Start of INFORMATION SUPPLIED
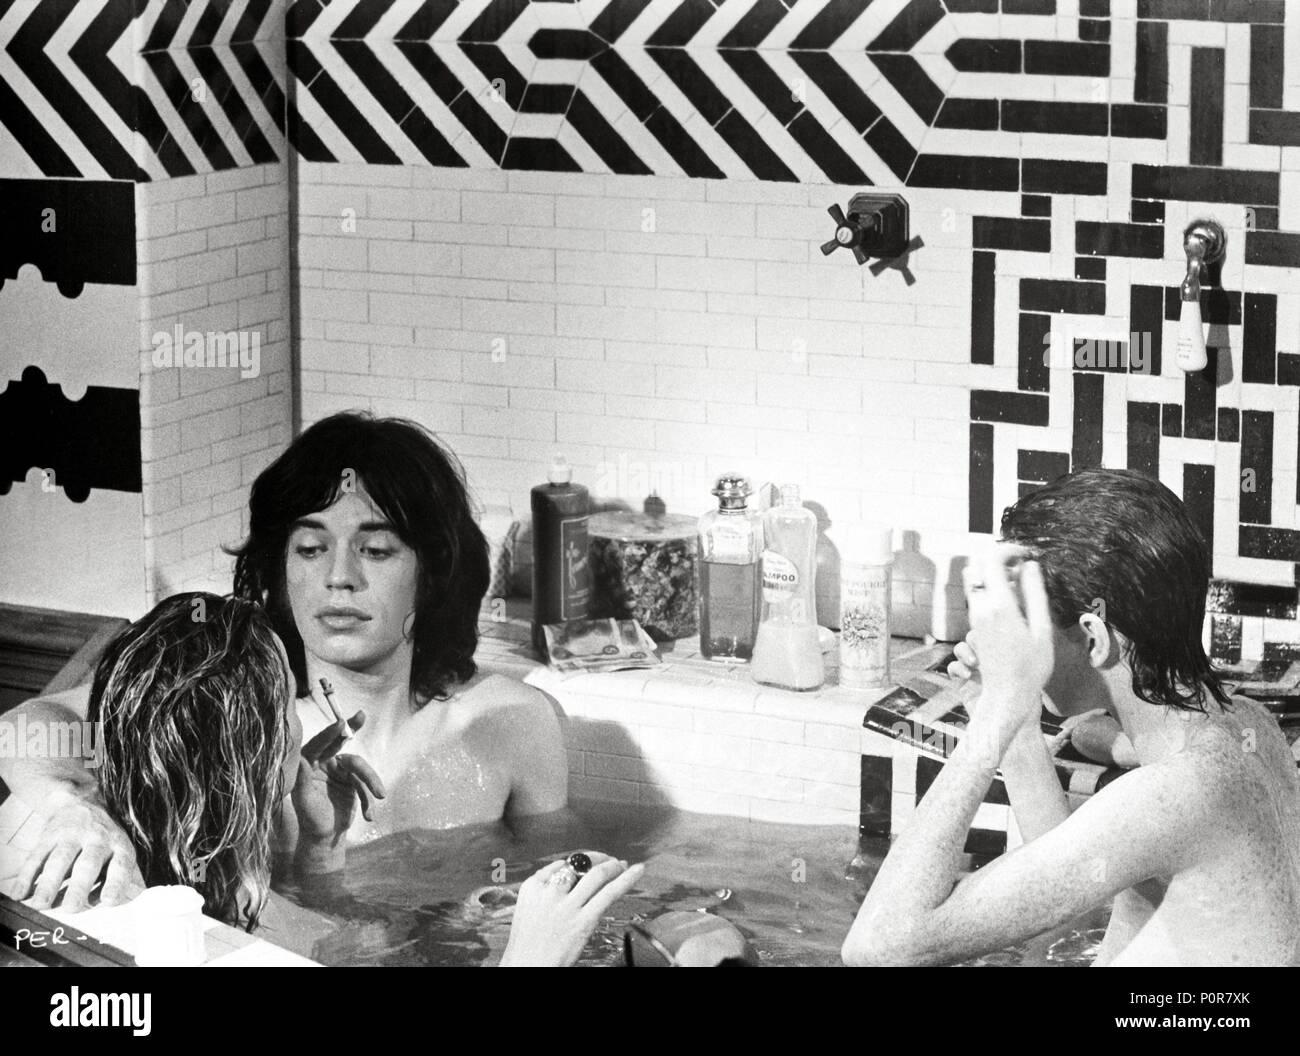 Original Film Title: PERFORMANCE.  English Title: PERFORMANCE.  Film Director: NICOLAS ROEG; DONALD CAMMELL.  Year: 1970.  Stars: MICK JAGGER. Credit: WARNER/GOODTIMES / Album - Stock Image
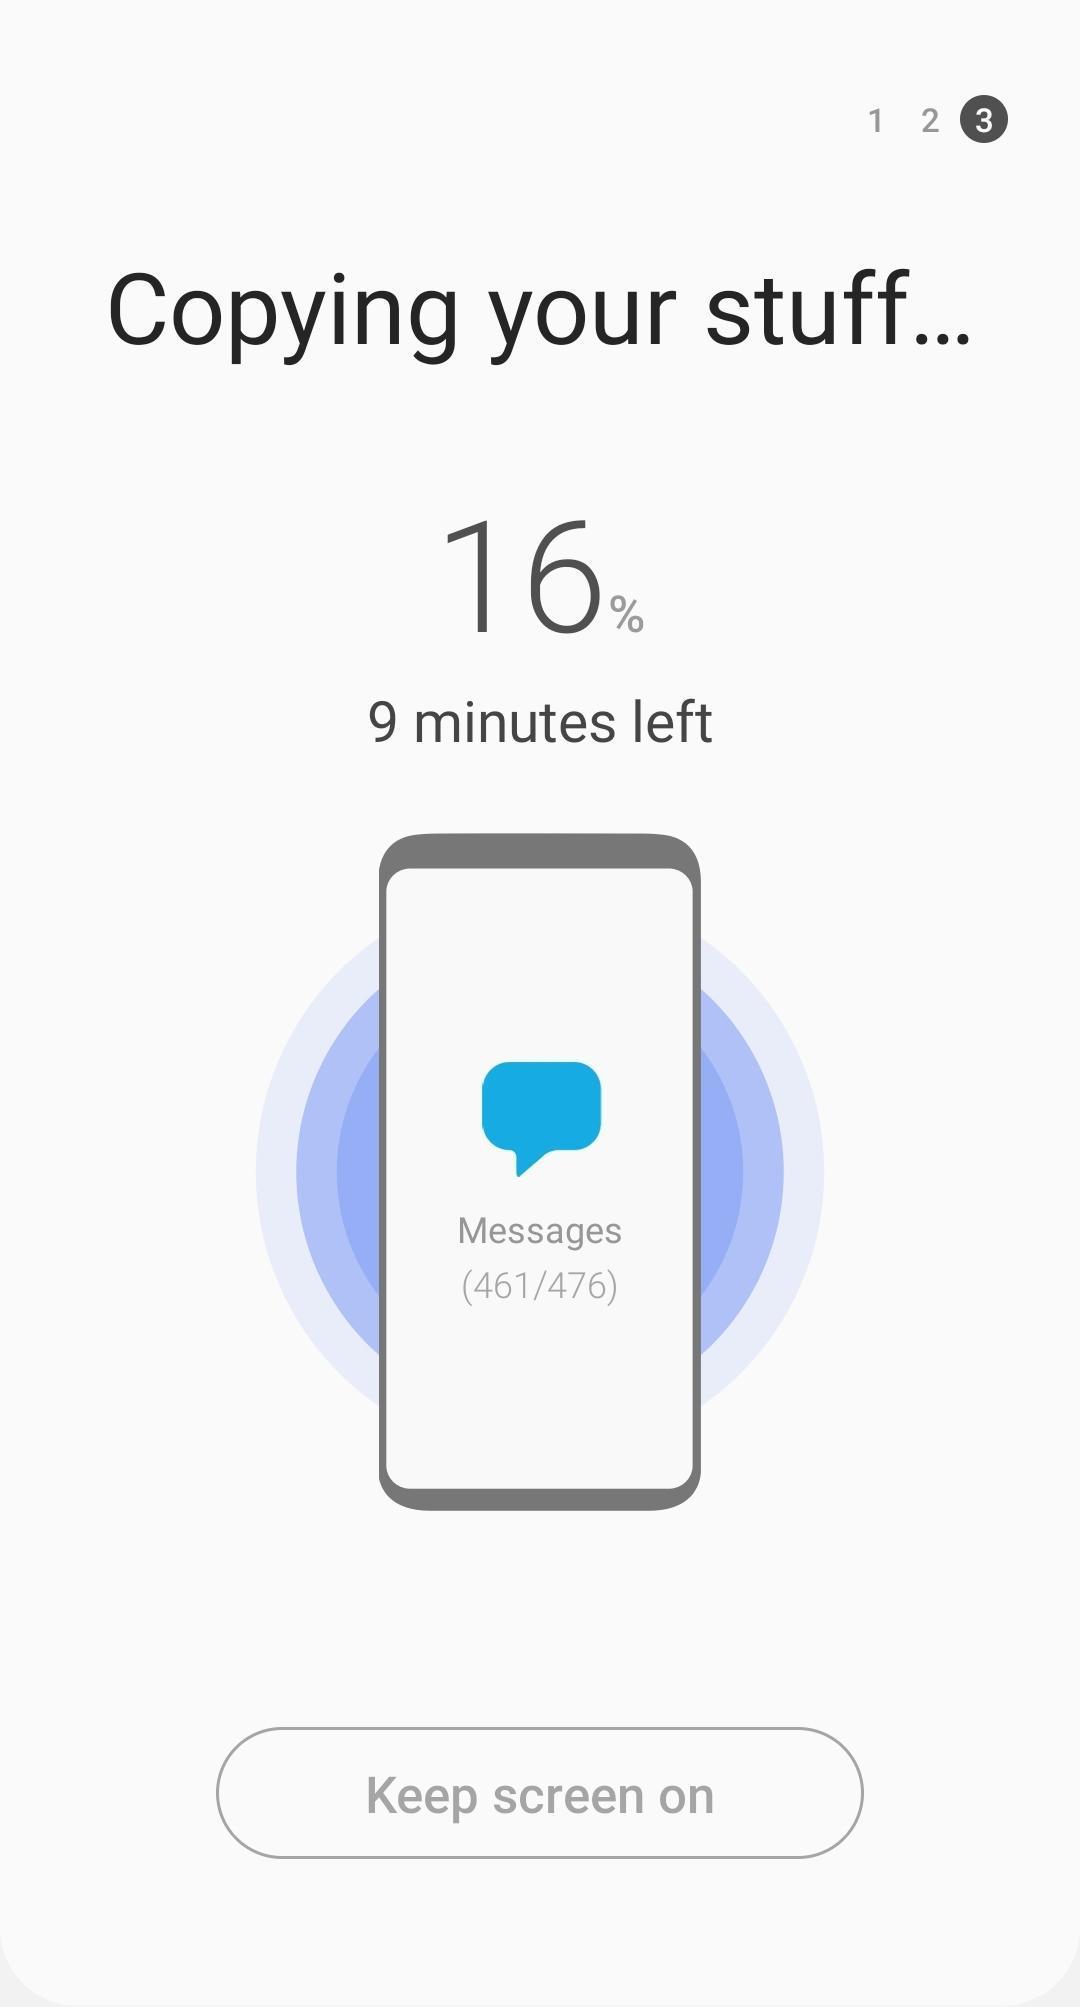 Samsung Smart Switch Mobile 3.7.09.7 Screenshot 5
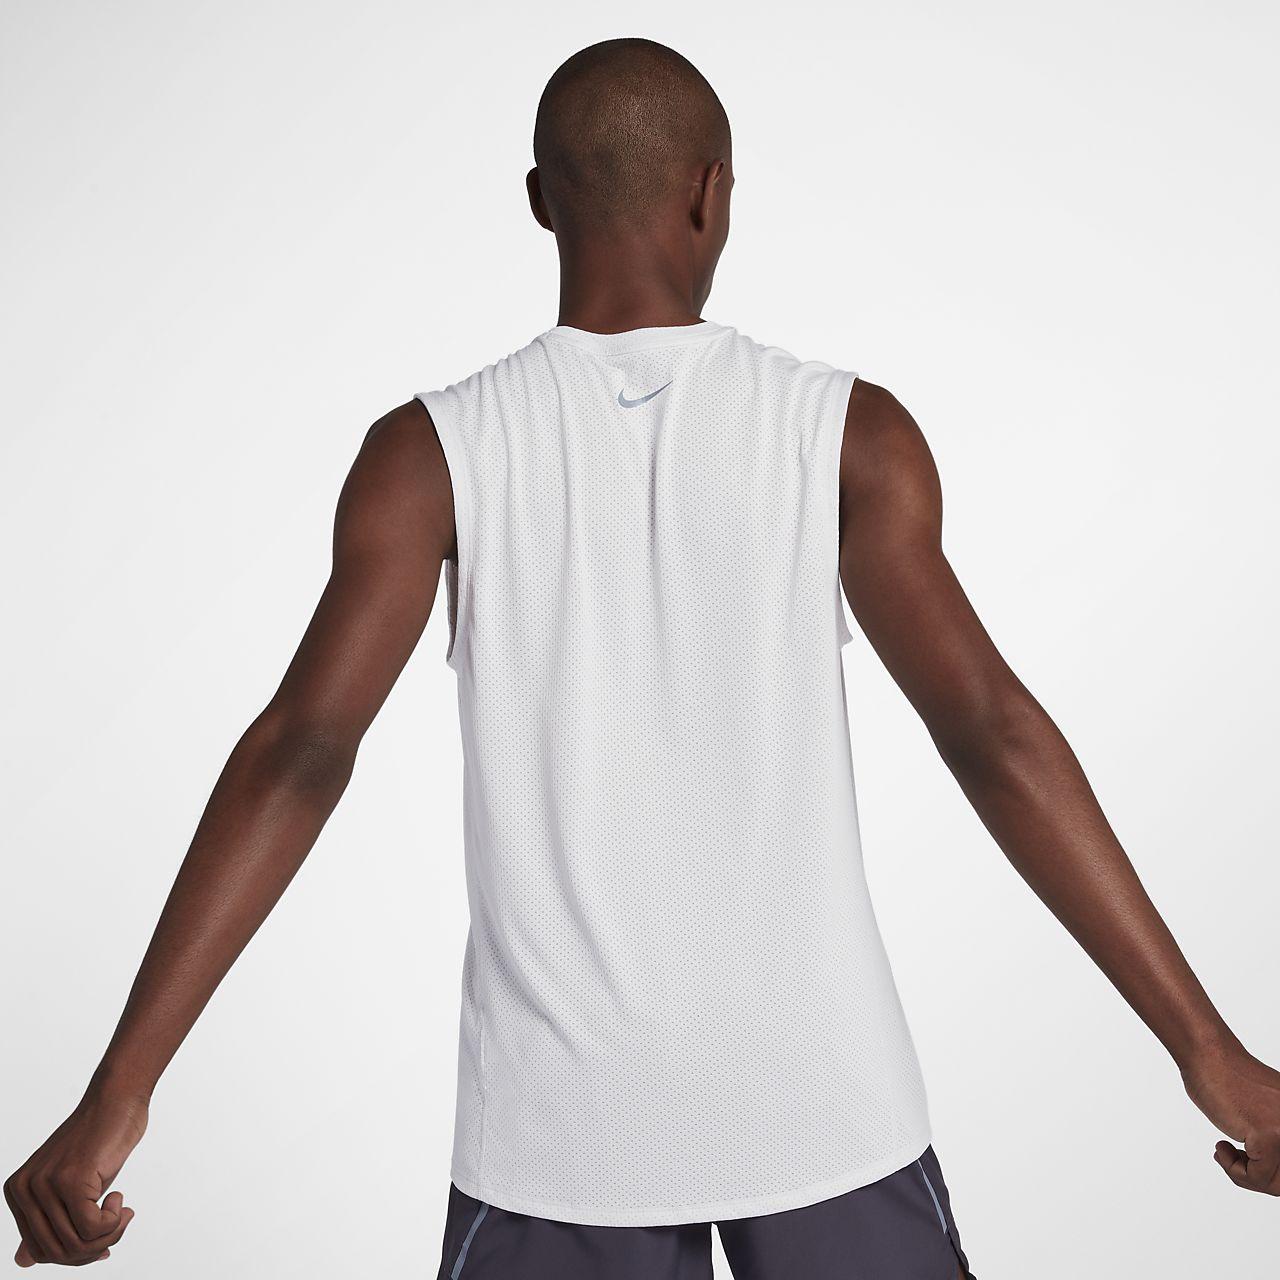 e82405d1c524a Nike Mens Miler Sleeveless Running Shirt – EDGE Engineering and ...
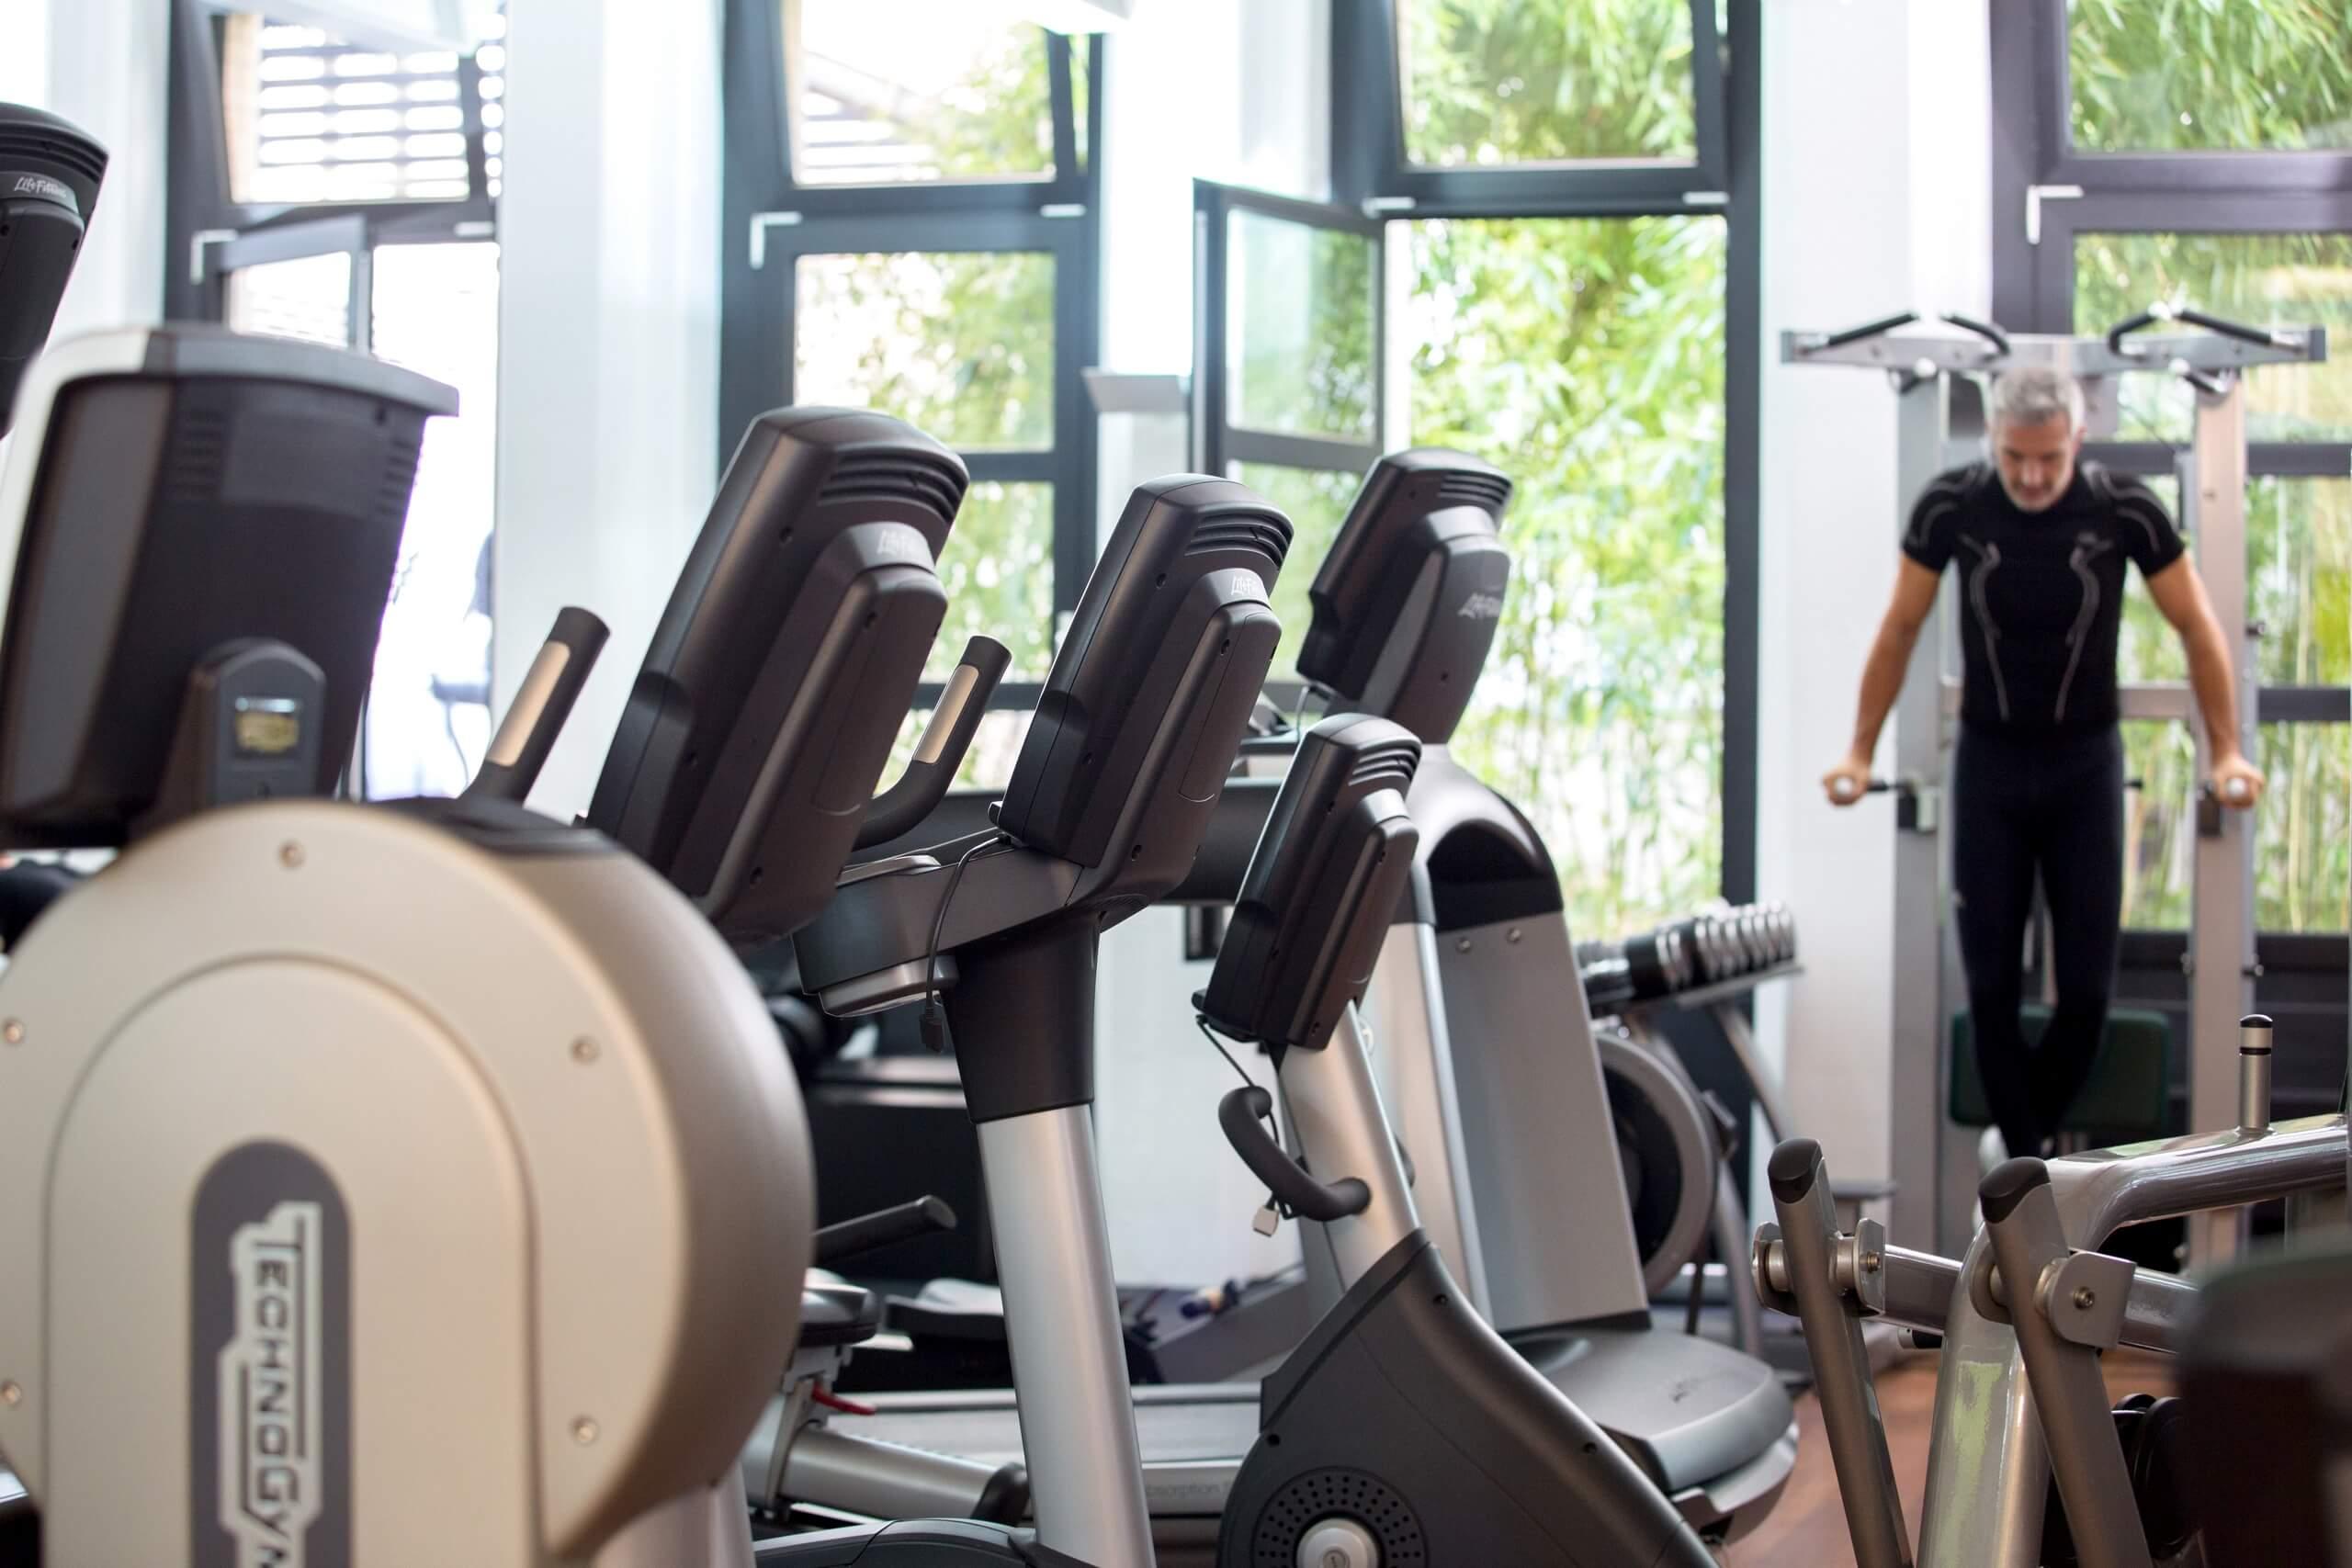 vj-spa-nescens-fitness-sport-trainingsbereich
End of INFORMATION SUPPLIED
_PROBLEM TO WORK ON_
Could you give the material again exactly as it stands, omitting any image?

_OUTPUT OF THE TASK_
 Original Film Title: PERFORMANCE.  English Title: PERFORMANCE.  Film Director: NICOLAS ROEG; DONALD CAMMELL.  Year: 1970.  Stars: MICK JAGGER. Credit: WARNER/GOODTIMES / Album - Stock Image
 Samsung Smart Switch Mobile 3.7.09.7 Screenshot 5
 e82405d1c524a Nike Mens Miler Sleeveless Running Shirt – EDGE Engineering and ...
 vj-spa-nescens-fitness-sport-trainingsbereich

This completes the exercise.